美嘉が書いているとされるブログだって、誰が書いているか分からない。仮に作者が書いていたとしても、恋空自体がどれほどの事実を含んでいるのか不明なのと同様、妄想の延長である可能性は低くない。また、書籍化、映画化、ドラマ化、コミック化されているくらいだから、その制作に関わった人間は作者に接触しているはずだけど、例え彼らが作品の信憑性に疑問を抱いたとしても、口を割るとこはないと思う。商品としての価値を下げることに繋がるからね。

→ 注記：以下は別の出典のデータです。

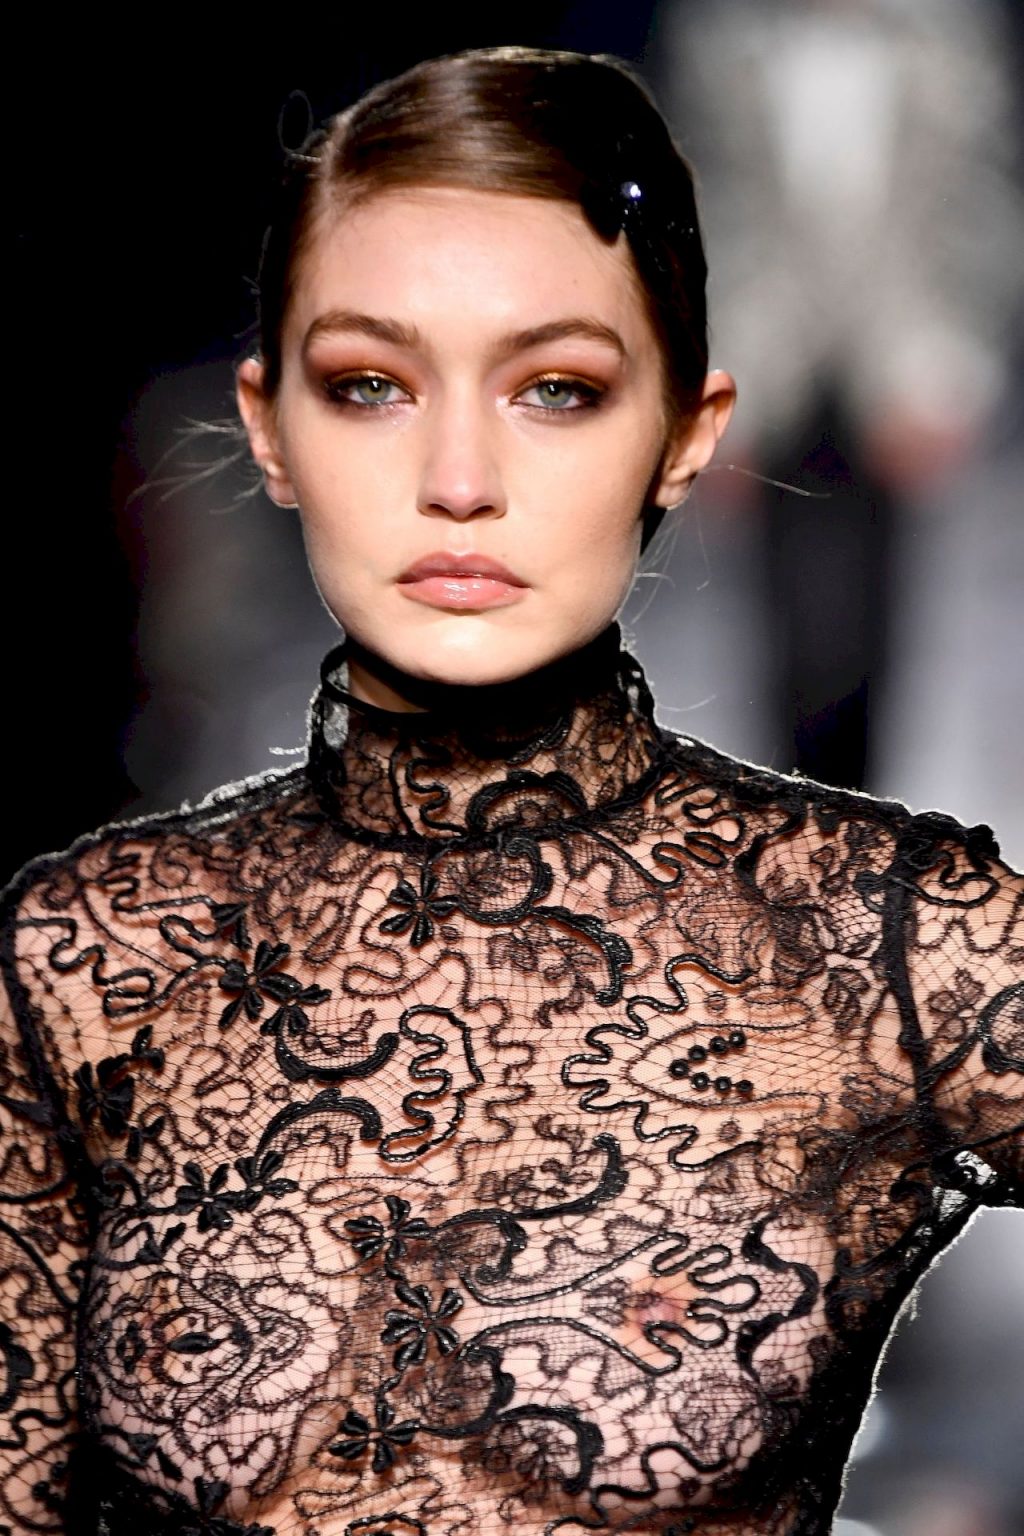 Gigi Hadid Flaunts Her Nude Tits at the Fashion Show (22 Photos + Video)

この話が全くの作り話で、ただ注目度を高めるために「事実に基づく」と言ったのだとしたら、この作者は言うまでもなく、流行に乗って「名作」であるかのように取り上げたマスコミも最低レベル。レイプや流産、癌という問題を軽々しく扱い、しかもそれを主人公を美化するために利用しているわけだから。

まぁ、事実であるか否かはもう誰にも分からないだろうから、ここを追求しても仕方ないか。信じたいなら信じればいいし、嘘だろ!と思うなら信じなきゃいい。ただ、与えられた情報を鵜呑みにする怖さみたいのを感じた。

この作品や作者の信憑性は別にしても、やはり口が裂けても小説とは呼べない酷い作品。ただの低レベルな文章の羅列に過ぎない。こんなのを読んで「読書」した気になってる中高生が心配。